An April 2013 study in the British Journal of Nutrition offers some of the most concrete support to date for the idea that IF can promote lasting weight loss. A group of overweight women followed an IF format called the 5-2 diet, in which they ate freely for five days and consumed a low-calorie diet the other two days of the week. The control group followed a conventional weight-loss diet of smaller portions of low-cal food on a typical, three-meals-a-day schedule. The 5-2 diet group lost significantly more weight than the control group and showed improved insulin sensitivity, which indicates a move away from a diabetic condition. One of the subjects told NPR's The Salt blog that she not only lost weight, but "felt quite refreshed and healthy" on the 5-2 schedule, and plans to "carry on" with it.

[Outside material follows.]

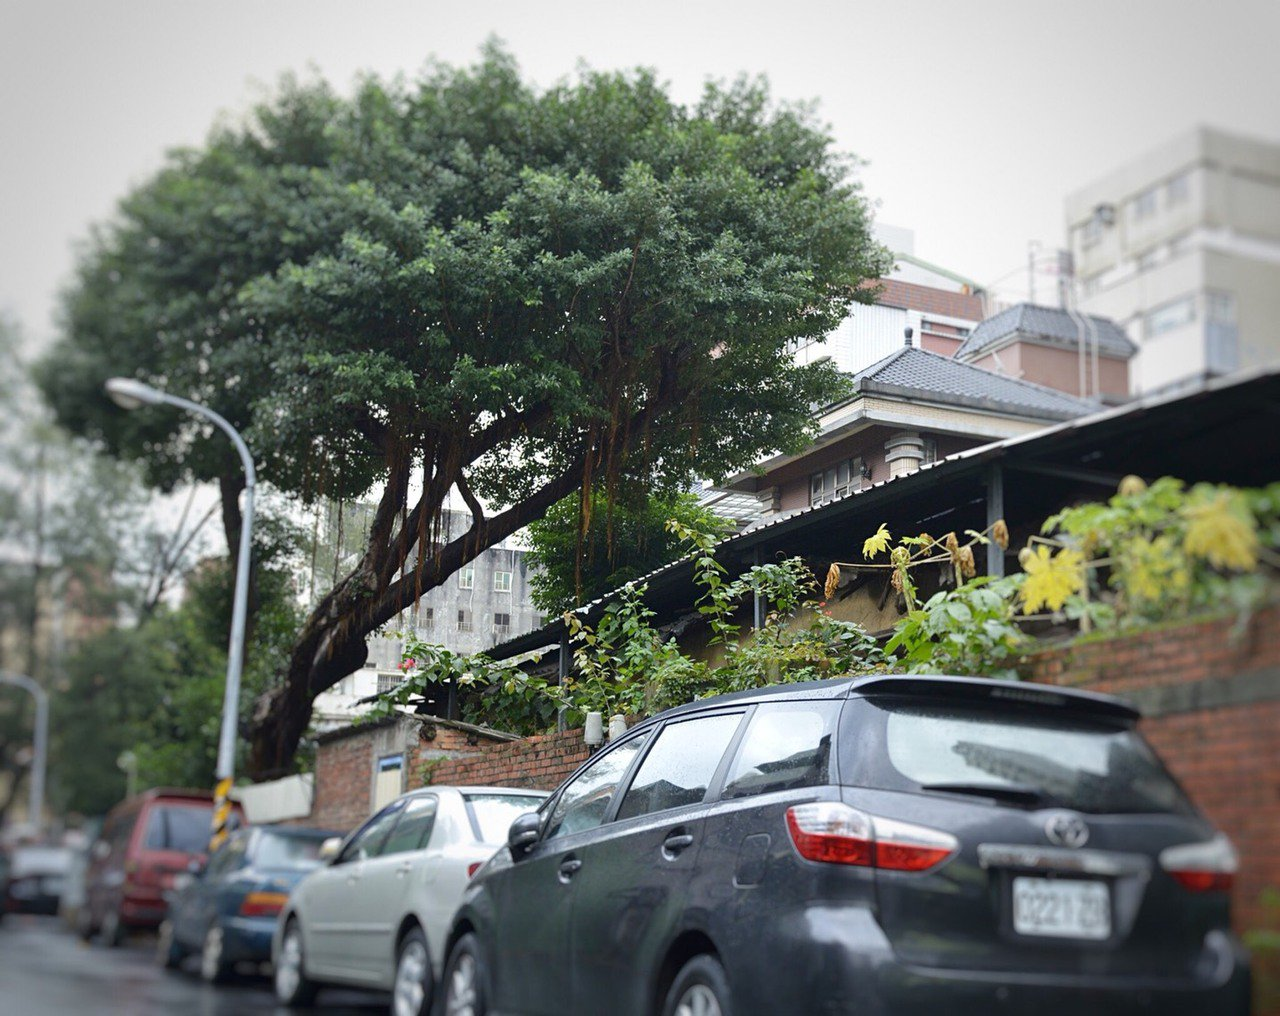 桃園市長鄭文燦今天也前往東國街日式宿舍會勘,他說,這裡同樣「原樣修復,修舊如舊、...

Obesity is a well-known precursor to many serious diseases, and slimming out of this category is clearly advantageous. But it seems there are more benefits to IF than weight loss.
Mark Mattson directs the Laboratory of Neurosciences at the National Institute on Aging and is a professor of neuroscience at Johns Hopkins School of Medicine. He studies the roots of age-related neurodegenerative decline, and diseases like Alzheimer's and Parkinson's. Lately his research has focused on the effects of intermittent fasting on these and other age-related problems.
Working primarily with rodents, his lab has found significant health benefits to both IF and exercise, both of which he views in an evolutionary context. In a recent article in Health Naturally magazine, Mattson wrote:
"From an evolutionary perspective, IF is normal and eating 3 meals a day plus snacks is abnormal. Going without food for most of the day or even for several days is a challenge that we are very capable of meeting. Similarly, humans are capable of quite remarkable amounts of physical activity, particularly endurance running, which has been an important factor in their evolution.Challenges such as IF and exercise are not only tolerable, but we thrive on them because they make our cells and organs stronger, and more likely to recover from injuries and illnesses."
Mattson's rodent experiments have shown that mild stresses like hunger and exercise can stimulate the growth of new brain cells, among other examples of cellular resilience. His lab has also linked IF to decreased blood pressure, improved recovery from stroke, decreased diabetic neuropathy, lowered cholesterol, decreased cancer rates, improved cognitive function and reduced inflammation in many parts of the body, including the lungs of asthmatics.
An IFer himself, Mattson rarely eats breakfast or lunch. His research and practice have turned him into a vocal critic of the food and drug industries for taking the low road with respect to public health. From his Health Naturally article:
"While the scientific evidence conclusively shows that IF is good for health, particularly in individuals who are overweight, health care providers rarely or never prescribe IF diets to their patients. Why? Sadly, the reason for this lack of effort by primary care physicians is that no one profits from IF prescriptions. The processed food and agriculture industries collaborate to produce and market energy-dense foods that include chemical additives that are addictive. ... Drugs are promoted by pharmaceutical companies with their implicit mantra: 'don't worry about getting a disease, we have a pill you can take for that.'"
Such claims may sound more like a diet guru hawking a book than one of the most frequently cited and highly respected researchers of his day. It's a sobering reminder of the frequent lag between medical research and dietary advice.
The calories-consumed-versus-calories-burned formula is not broken, but it certainly isn't as simple as it's often portrayed. And there is more than body fat at stake. Even though the medical establishment has yet to embrace IF, the good news is no prescription is required, and it might even save you money. By Mattson's estimates, IF can cut about 20 percent of your food bill, along with that stubborn belly fat.